- Died: after 1274
- Noble family: gens Péc
- Issue: James
- Father: Lucas II

= Benedict Péc =

13th-century nobleman

Benedict from the kindred Péc (Péc nembeli Benedek; died after 1274) was a Hungarian noble and soldier, who fought against the Bohemians in the early 1270s.

==Life==
Benedict originated from the Zala branch of the extended gens (clan) Péc, which had large-scale possessions in several counties of Transdanubia, in addition to other parts of the Kingdom of Hungary. He was a son of Lucas II (or Lucas "the Great").

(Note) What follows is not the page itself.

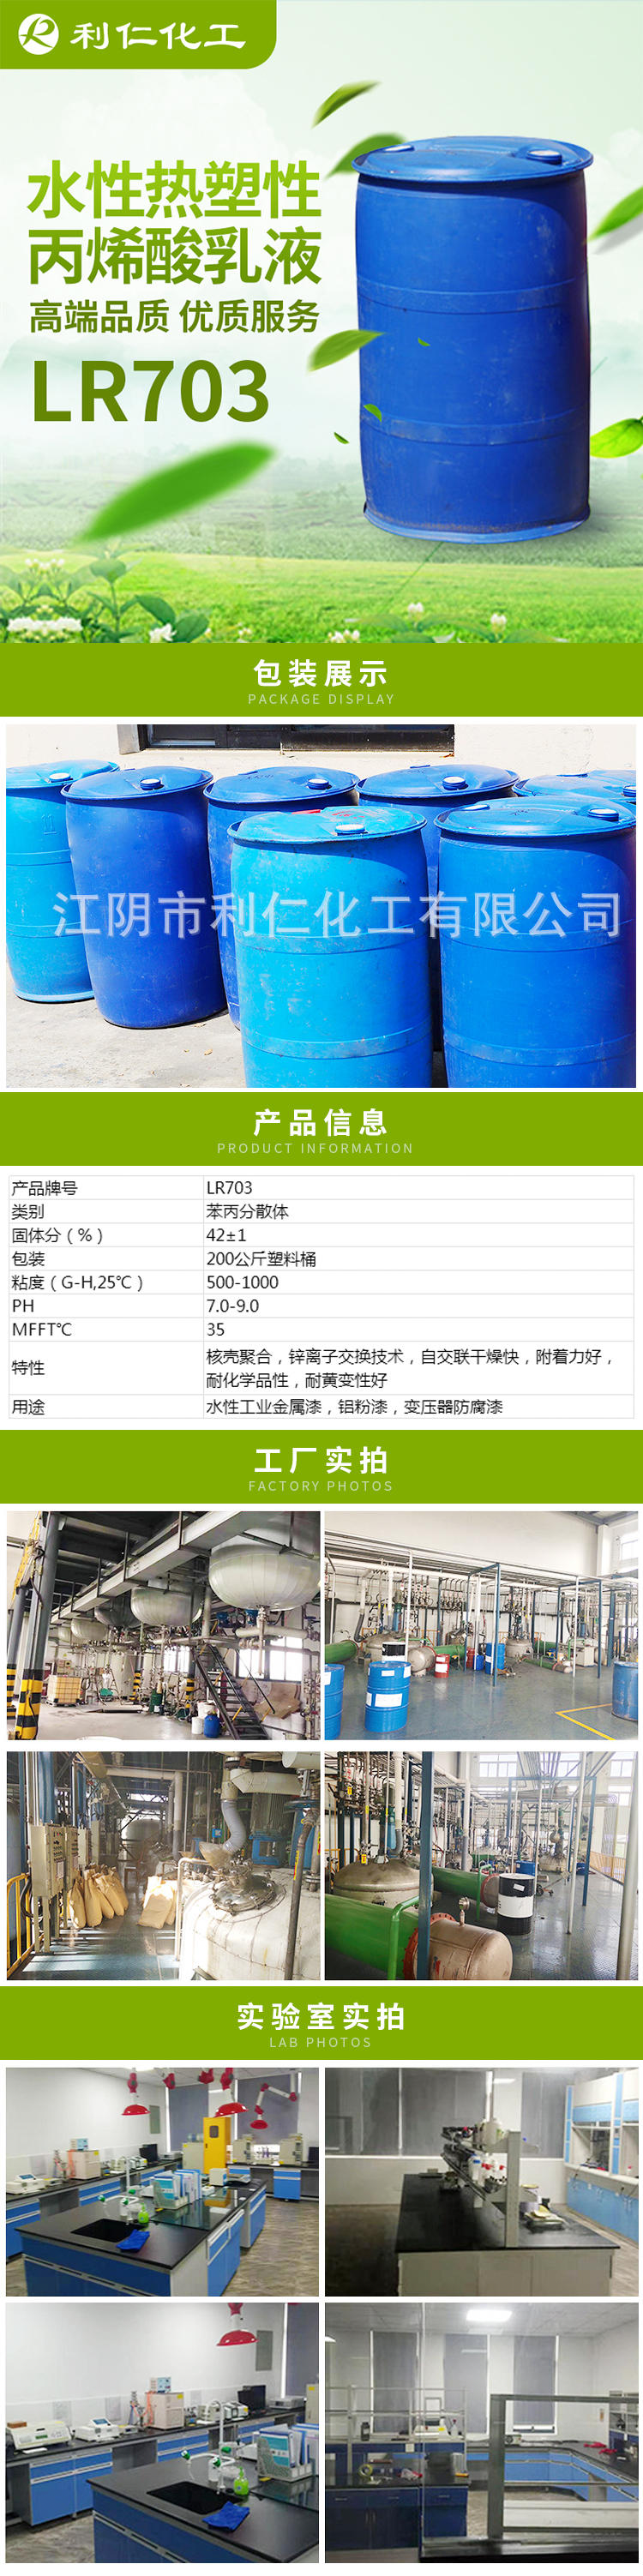 水性树脂-水性热塑性丙烯酸乳液-lr703商品详情.jpg

His brother was Ladislaus, ancestor of the Kustáni family. It is possible that Lucas IV, ancestor of the Ibrányi family was also their brother.

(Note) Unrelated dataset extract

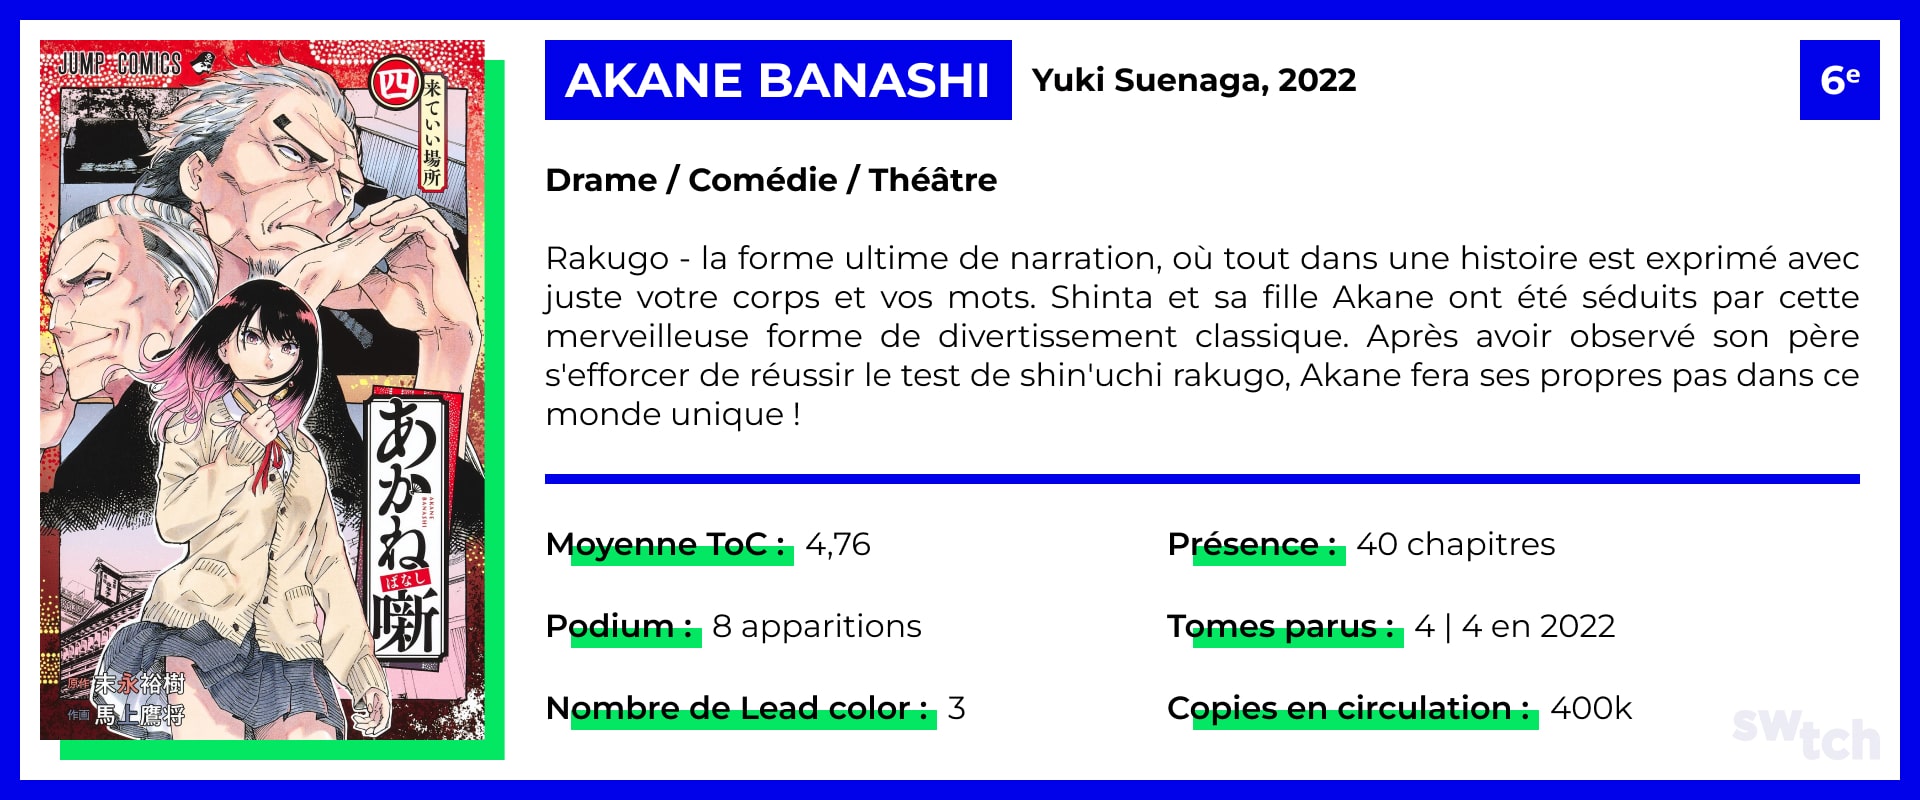 Akane Banashi

According to the narration of the royal charter of Ladislaus IV of Hungary (1274), Benedict actively participated in the Bohemian–Hungarian War which took place in the previous year. In the first phase of the war, Benedict successfully spied out the army of King Ottokar II of Bohemia. Under the banner of Ivan Kőszegi, Benedict defended the Hungarian border in Sopron County. Benedict fought in the rearguard near Győr in August, led by his cousin Denis Péc. Thereafter, again in Kőszegi's army, he fought in Pereszteg and Lós, harassing the invading Bohemian army with hit-and-run tactics. During the skirmish, he defeated and captured a lieutenant of the army of Bruno von Schauenburg, Bishop of Olomouc. Following that Benedict joined to the troops of Denis Péc, who defeated a Moravian army at the walls of Detrekő Castle (today ruins near Plavecké Podhradie, Slovakia) in October 1273.

For his military service, Benedict was granted the land of Vindornyaszőlős in Zala County by King Ladislaus in 1274. His descendants adopted the surname "Szőlősi" after the village. Benedict had a son James, who had a son Lucas, the last male member of the family (fl. 1336–1353) and a daughter Chuna, who married Stephen Bokodi from the gens (clan) Héder.